Mystery of the Alarmed Avians
When I got home tonight, I randomly picked up one of the ducks huddled next to my car, smelled it, and thereby solved the “Mystery of the Alarmed Avians”.
Yesterday I found all of ducks not only out of their pen but scattered across the entire farm like confetti. I found clearly terrified ducks huddling in the bales, in the chicken coop, in between our vehicles. But a head count showed everyone was accounted for and nobody appeared physically harmed, just terrified.
Now whatever made them move had to be pretty motivating because our Muscovy drakes are HUGE—they definitely can’t fly and care barely hop small sticks on the ground, much less a 3 foot fence. And everyone else has their flight feathers clipped after they decided it was super fun to fly into the horses’ water tank and make it a duck bath. And my methods were working because not a duck had left the pen all winter—they have several calf huts filled with straw, a private pond and endless food. Life is good in the duck pen.

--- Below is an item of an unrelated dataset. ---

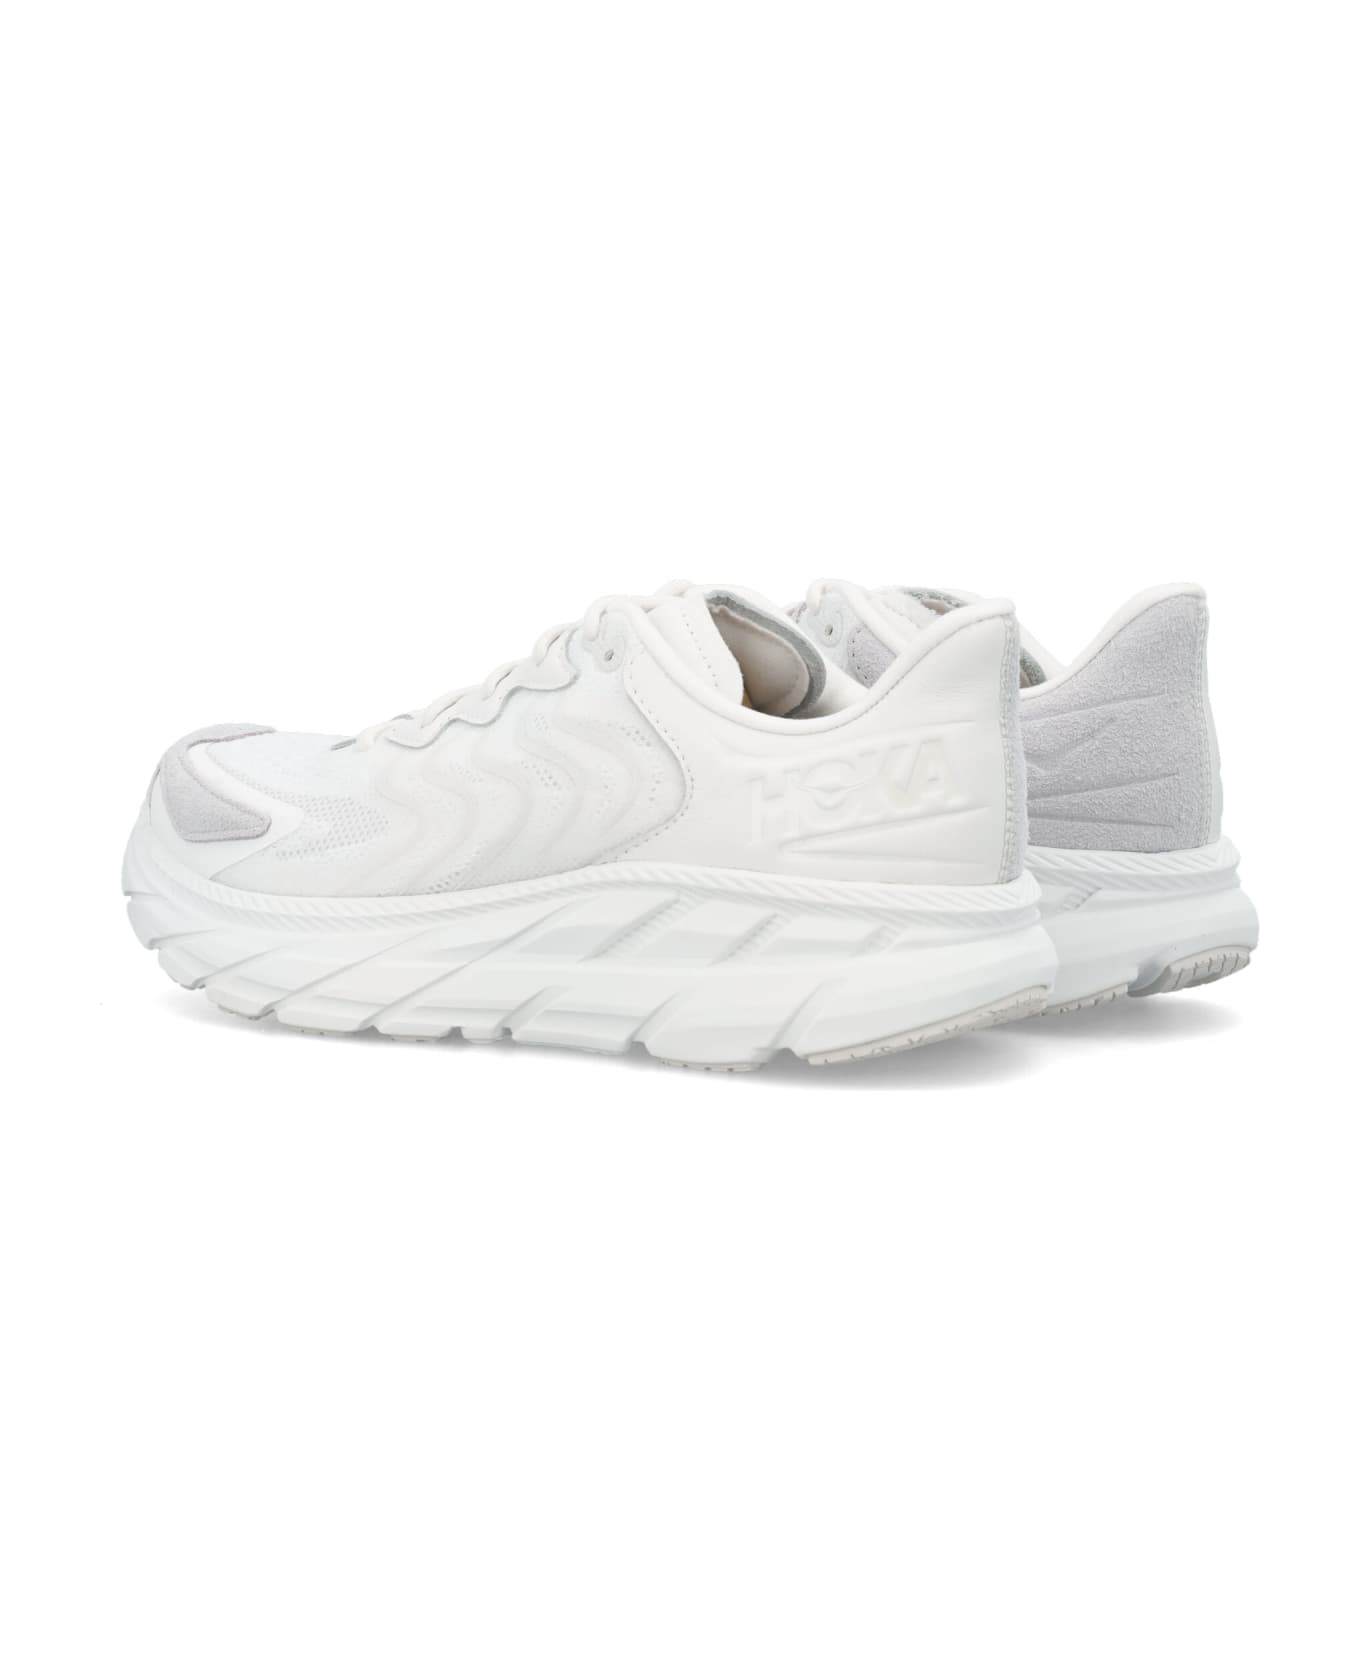 Hoka One One Clifton Ls Sneakers - WHITE

Now I figured it had to have been some sort of predator after them—critters are hungry and on the move after this terribly cold spell we have had. But with everyone alive and unharmed, I assumed Punzi must have done her job exceptionally well. But I still wanted to know what it was to have the bravado to come walking into her territory. We haven’t had sign of a predator on our actual property in over a year—not a coyote, not a opossum, not a raccoon, heck she even scared the Bald Eagle hunting our white chickens away. LGDs for the win!
And with my random duck sniff test, I had my answer: A skunk!
It turns out, about 1/4 of my ducks REEK of skunk. And I went over to their duck house and sure enough, it smells of skunk too! And ALL the food from their little bulk feeder is fine. I am betting a skunk was roused from semi-hibernation by last weekend’s warm weather and decided to grab himself of a snack of the duck’s high protein waterfowl feed...it must taste pretty good because I’ve seen the cats try it! And then all heck broke loose when the ducks freaked out to leave their hut.
I don’t know how well a duck can smell but I coaxed everyone back into their pen and put their feed way away from the stinky calf hut, which seemed to somewhat satisfy them. I still don’t know how they managed to get out, but with snow and extreme cold overnight tonight, I hope they stay put. They have 3 more huts unsullied for sleeping and a dog on high alert now. Hopefully Mr. Skunk went back to bed so we can all have some peace and quiet!